The `history` field contains the agent's actions and observations at each iteration, including the commands executed, file edits, and the agent's thoughts.

The `eval_exit_code` and `eval_output` fields provide information about the execution of the evaluation command and its output.

The `metrics` field contains the parsed evaluation metrics from the `eval_output`.

## Customization

You can customize the evaluation script by modifying the `evaluation/benchmarks/ml_bench/run_infer.py` file.

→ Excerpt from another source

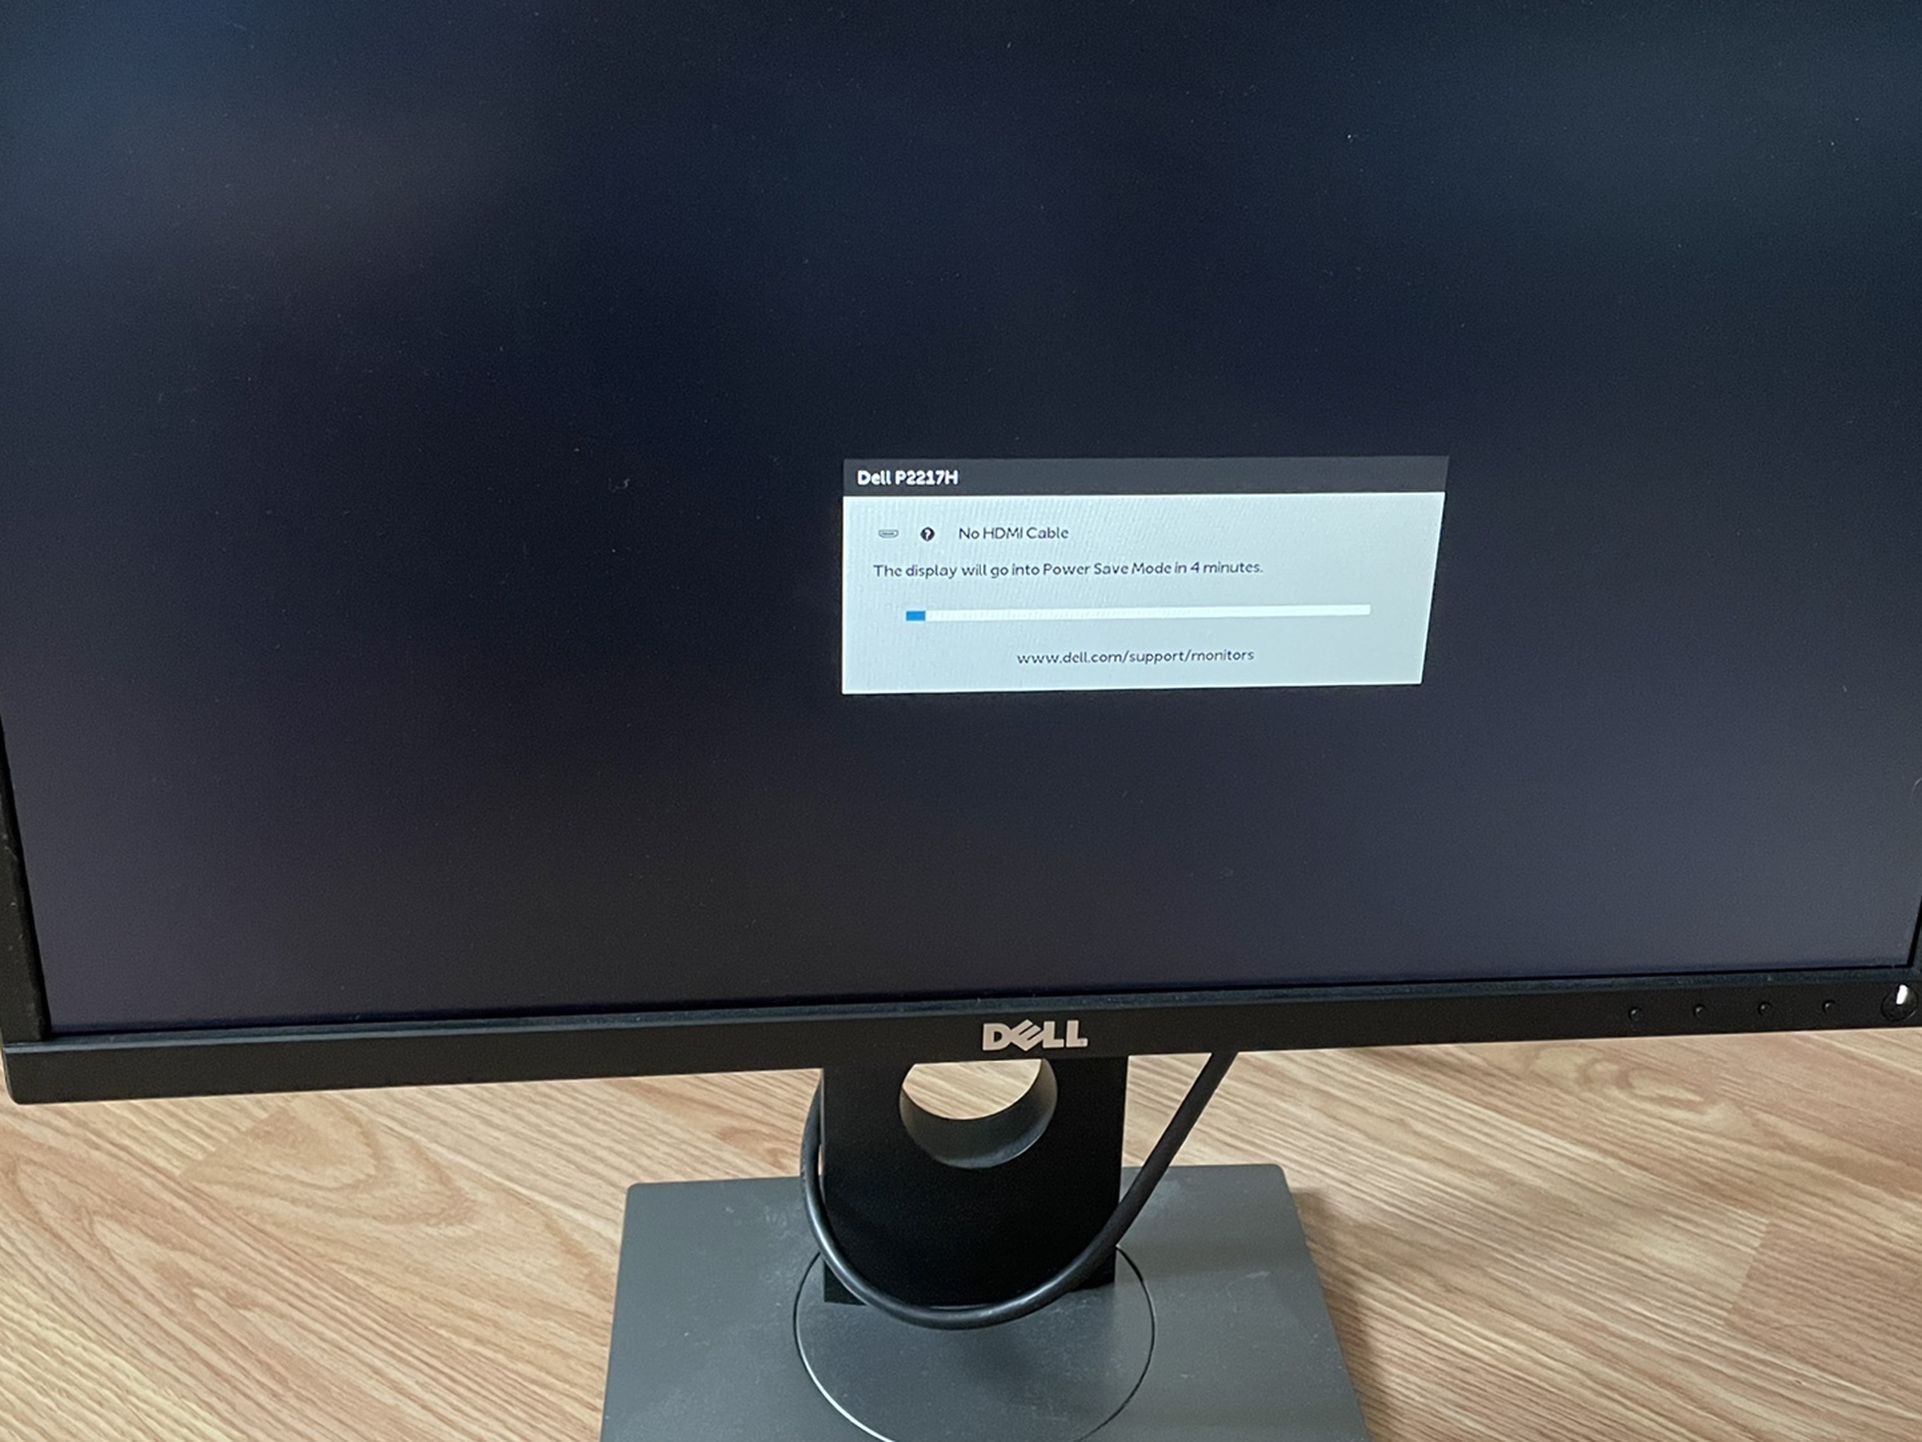 Dell P2217h 22” monitor

This script handles loading the ML-Bench dataset, running the agent on each task instance, and saving the evaluation outputs.

Feel free to adjust the configuration, logging, and output formatting to suit your needs.

## Contributing

If you encounter any issues or have suggestions for improvements, please open an issue or submit a pull request on the [GitHub repository](https://github.com/gersteinlab/ML-bench).

## License

This project is licensed under the [MIT License](LICENSE).